Problem to work on –
Omitting all images, transcribe the entries word for word.

Items listed in a dataset –
--------------------------------

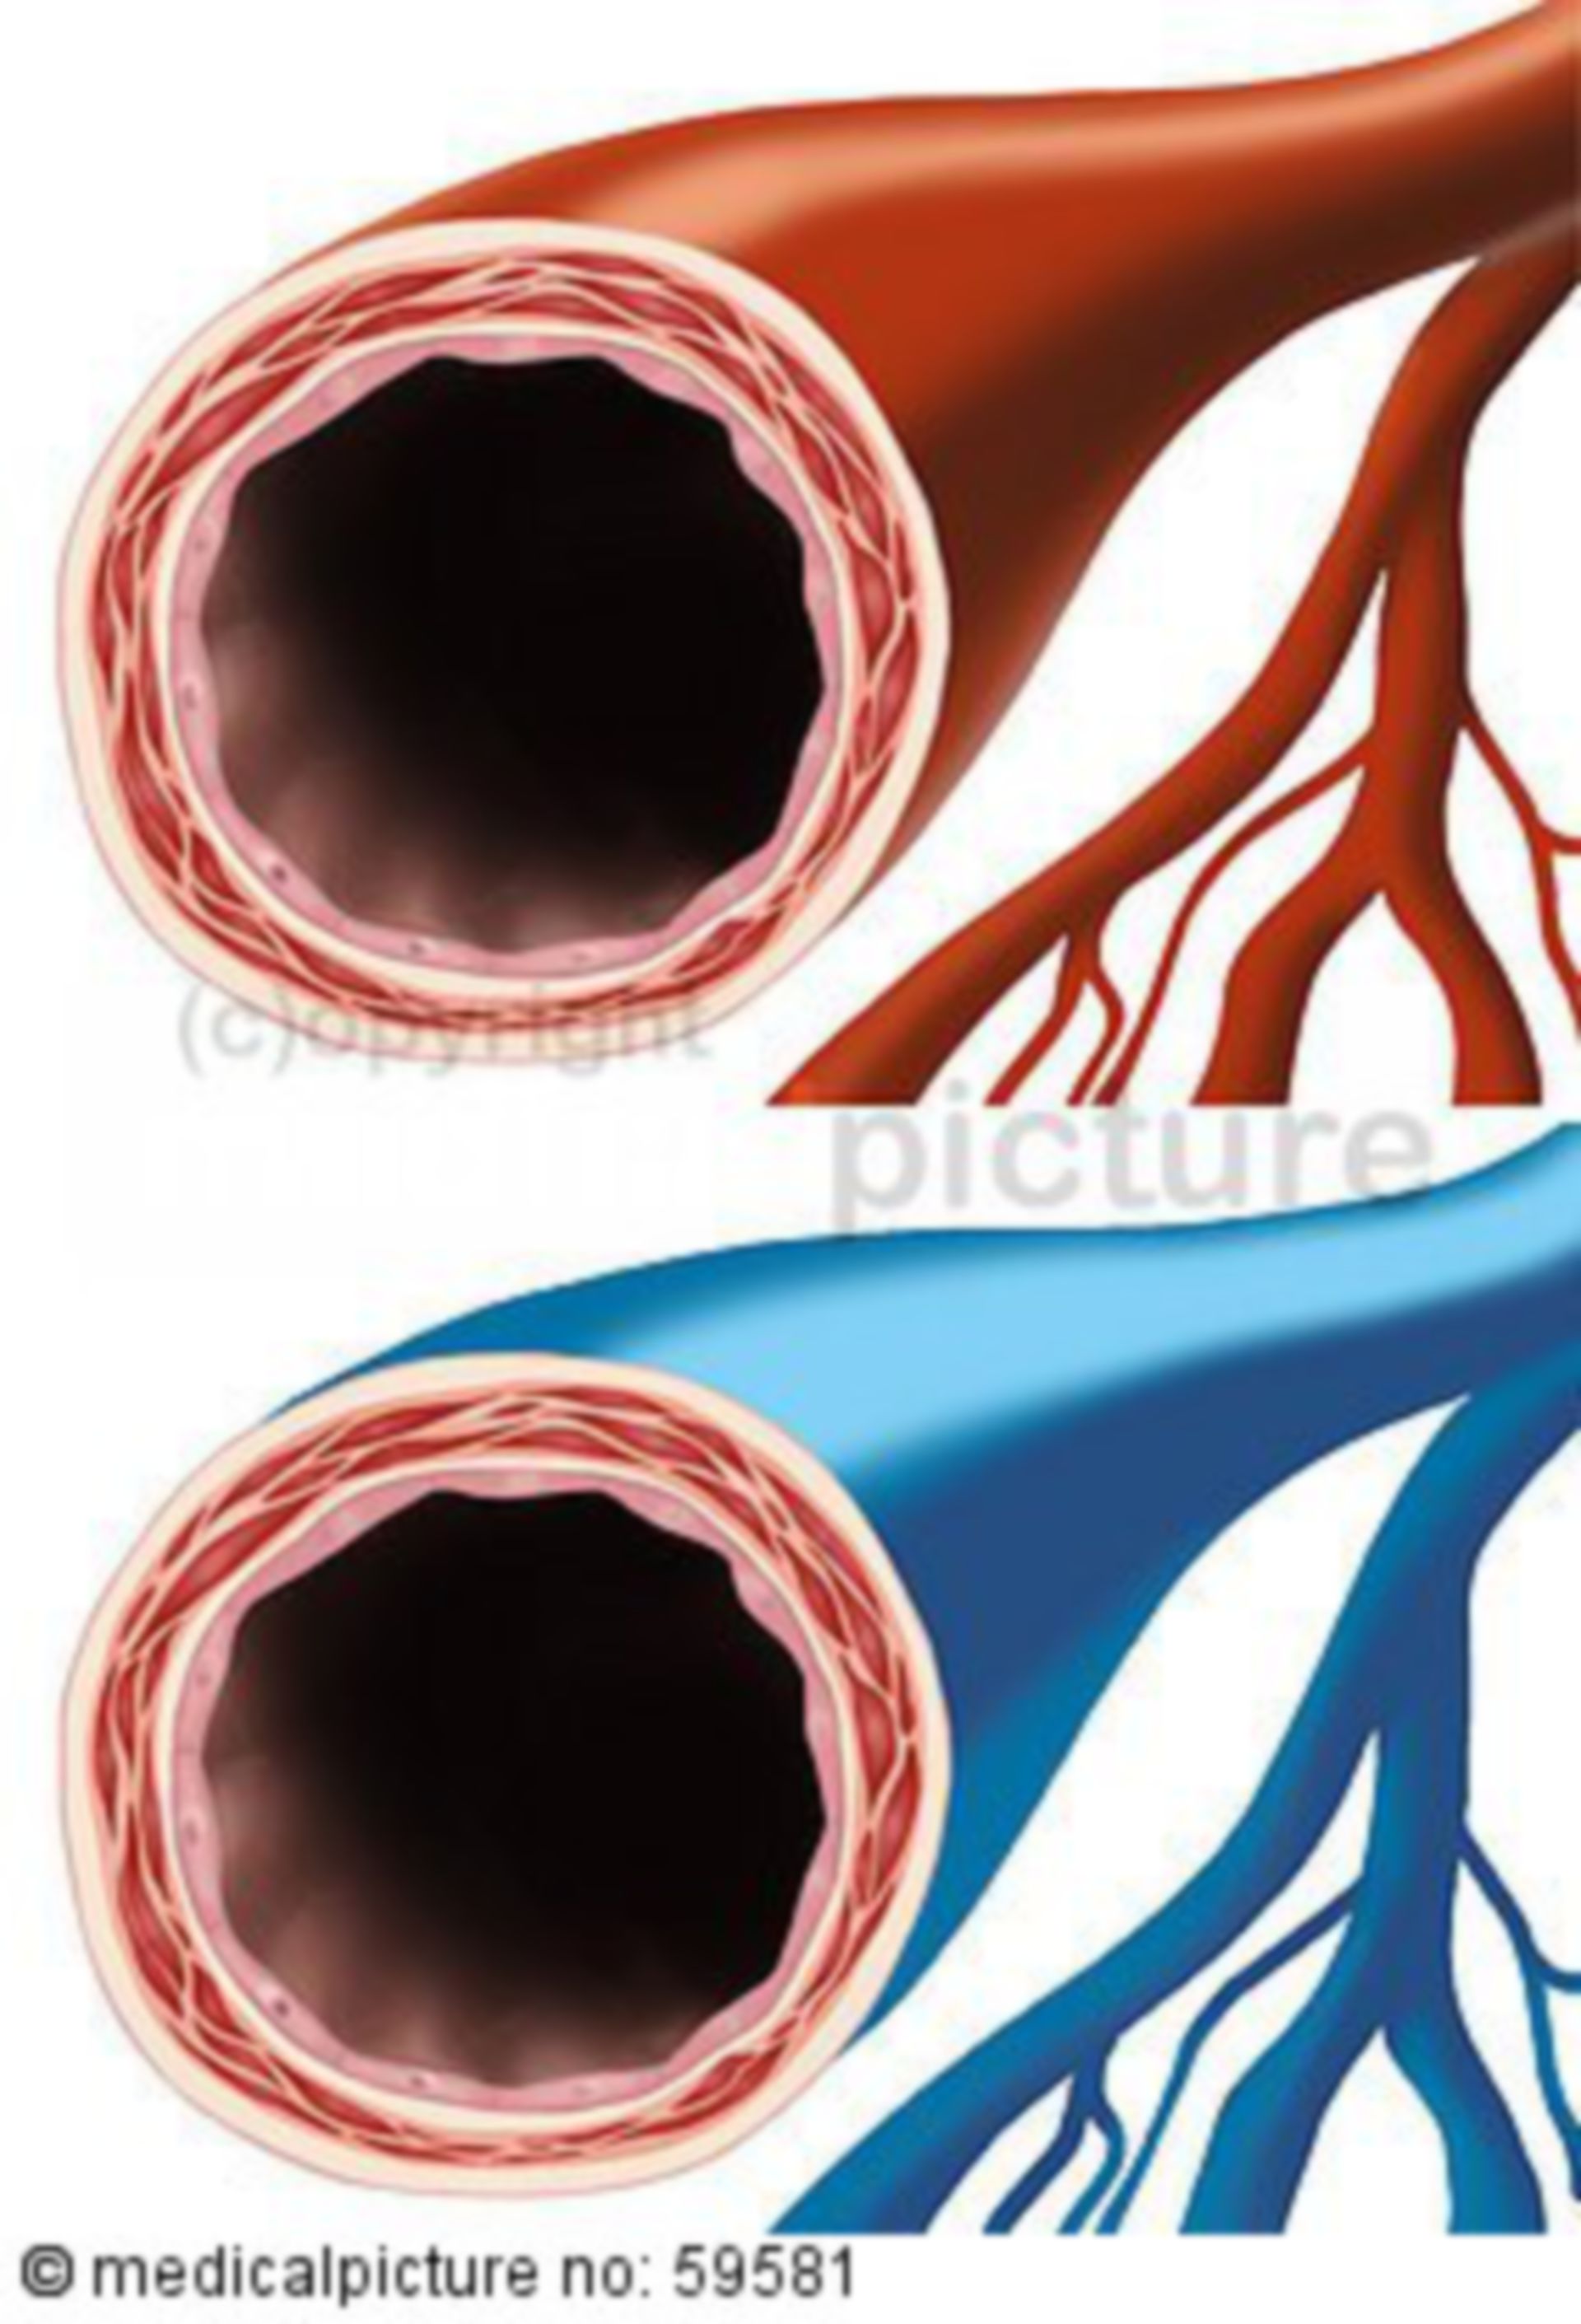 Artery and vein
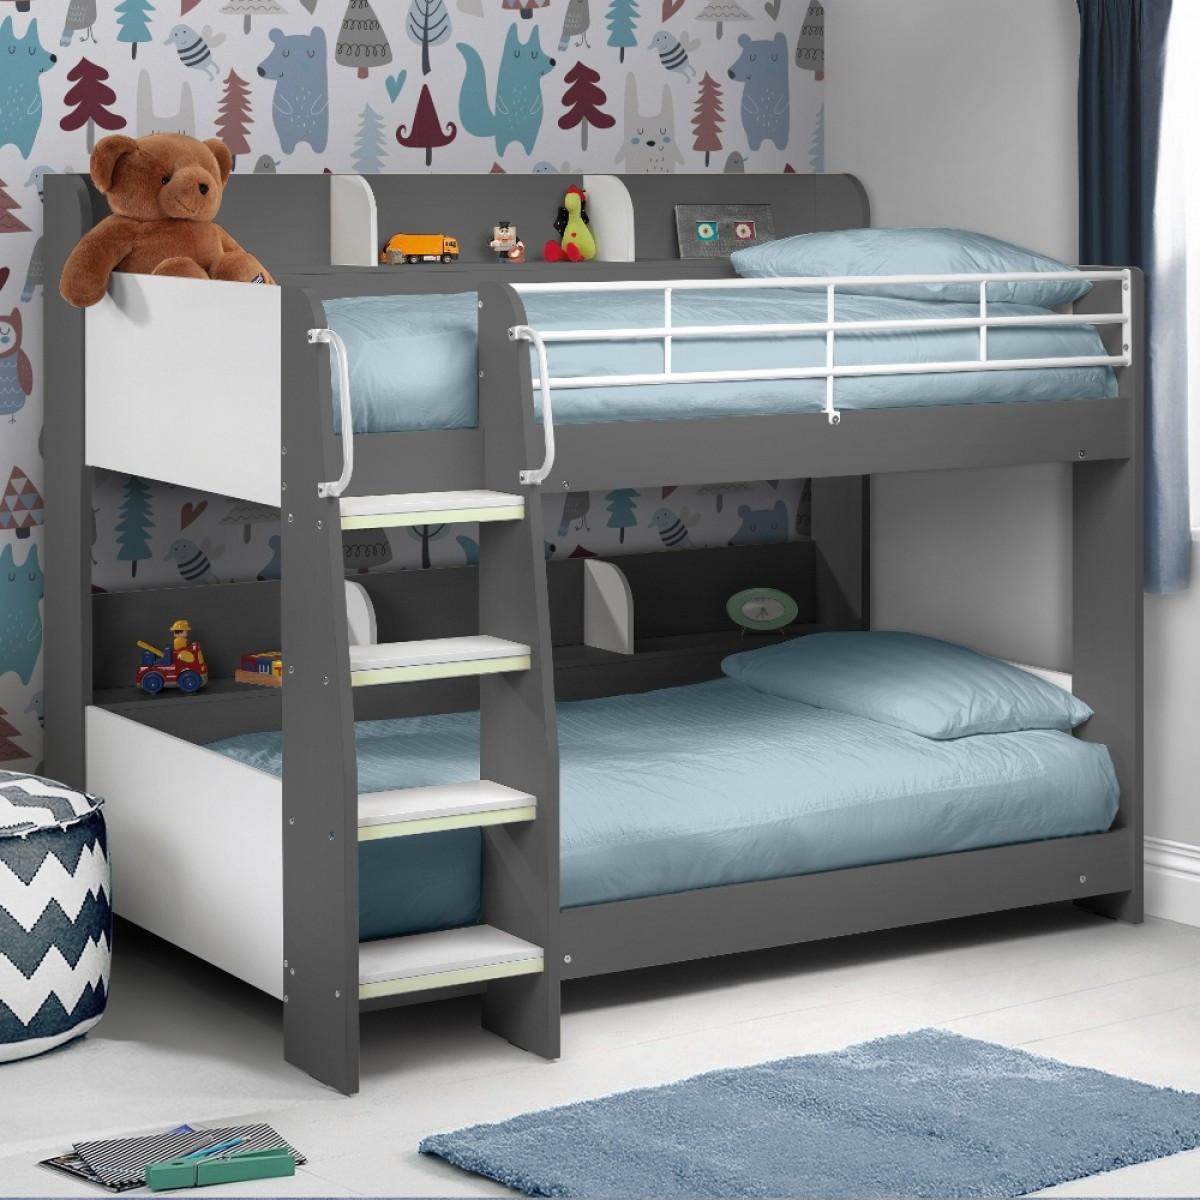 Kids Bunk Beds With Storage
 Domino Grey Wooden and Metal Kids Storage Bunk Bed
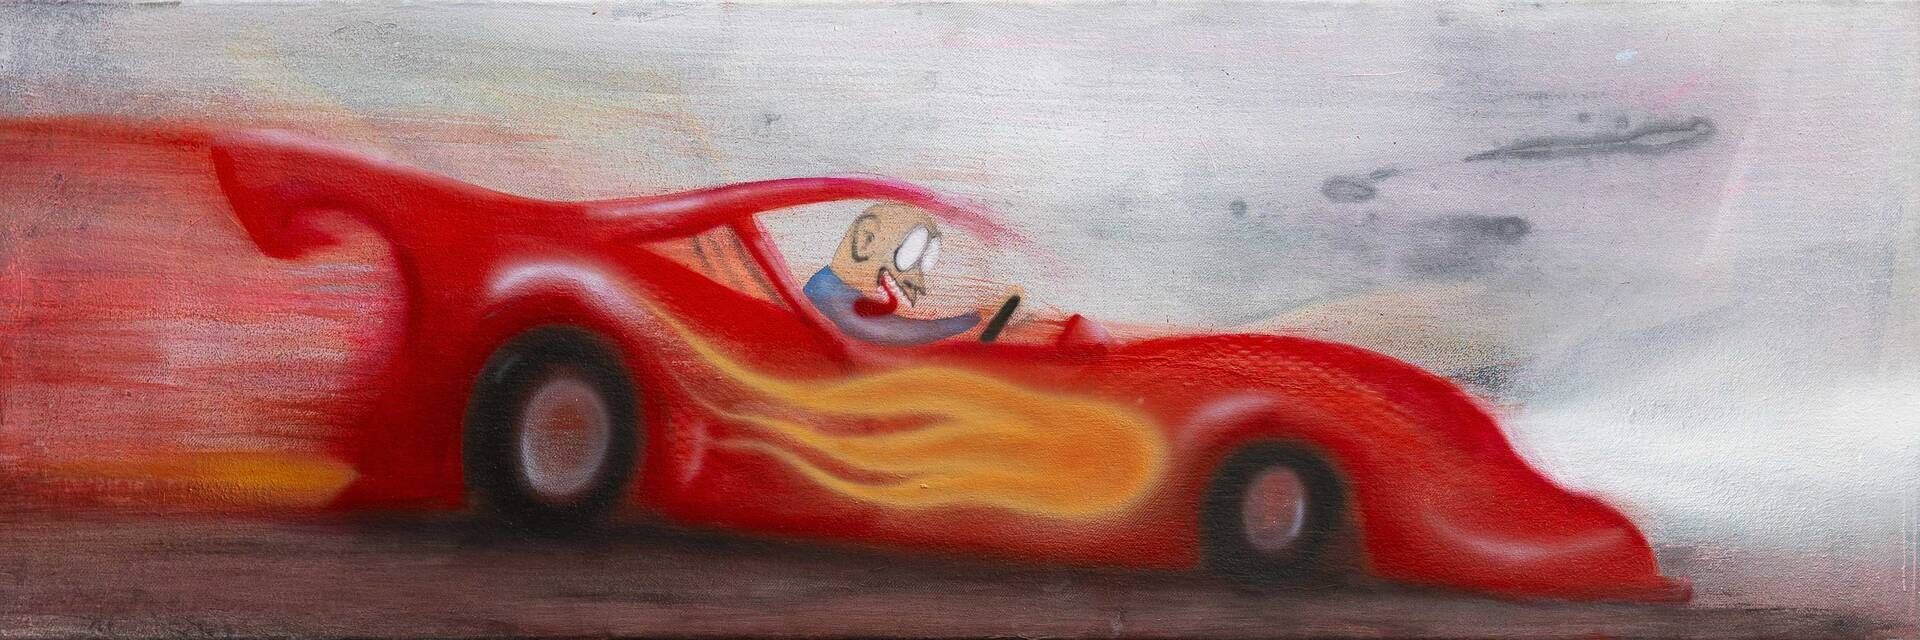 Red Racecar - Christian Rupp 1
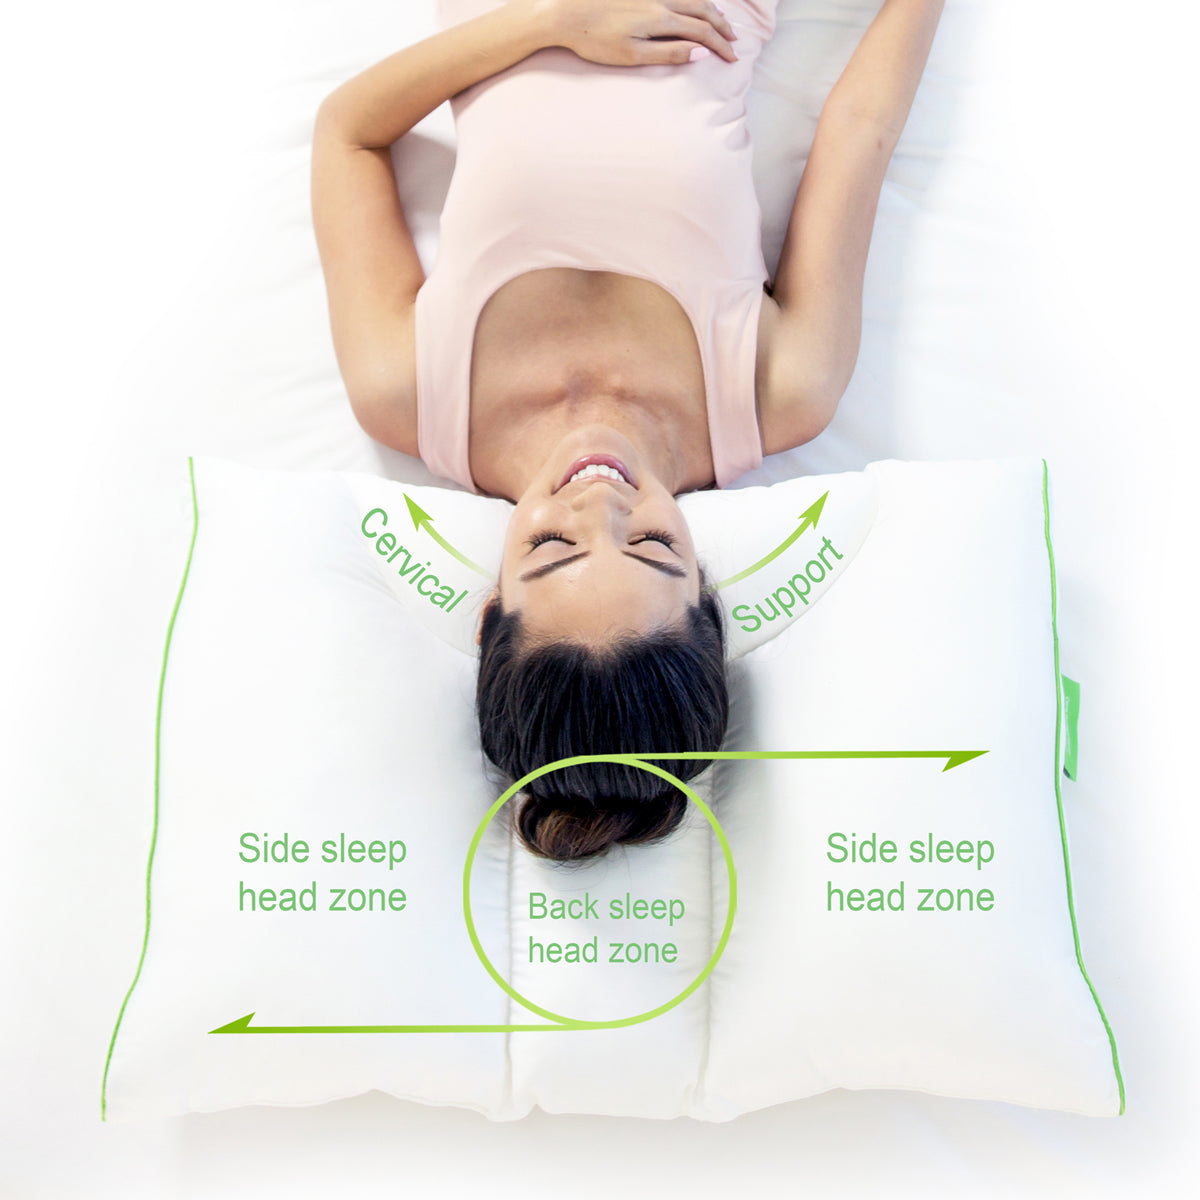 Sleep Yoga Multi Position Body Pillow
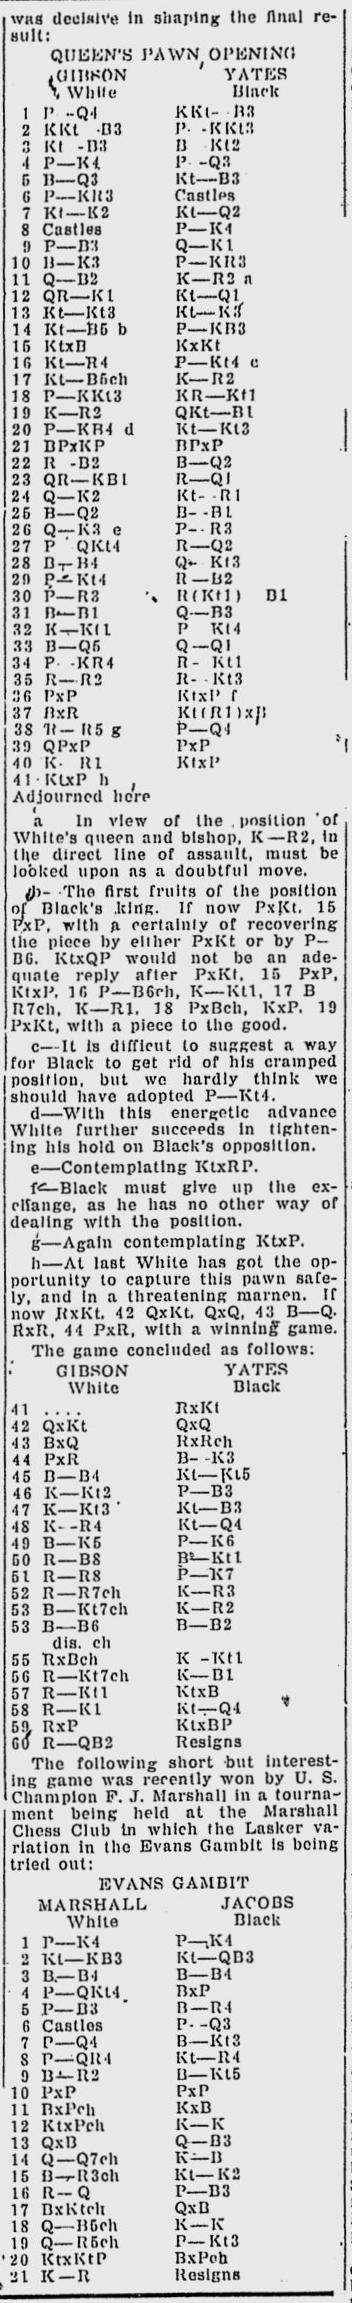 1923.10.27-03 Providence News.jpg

--------------------------------

Solution for this exercise –
 Artery and vein
 Kids Bunk Beds With Storage
 Domino Grey Wooden and Metal Kids Storage Bunk Bed
 Red Racecar - Christian Rupp 1
 Sleep Yoga Multi Position Body Pillow
 1923.10.27-03 Providence News.jpg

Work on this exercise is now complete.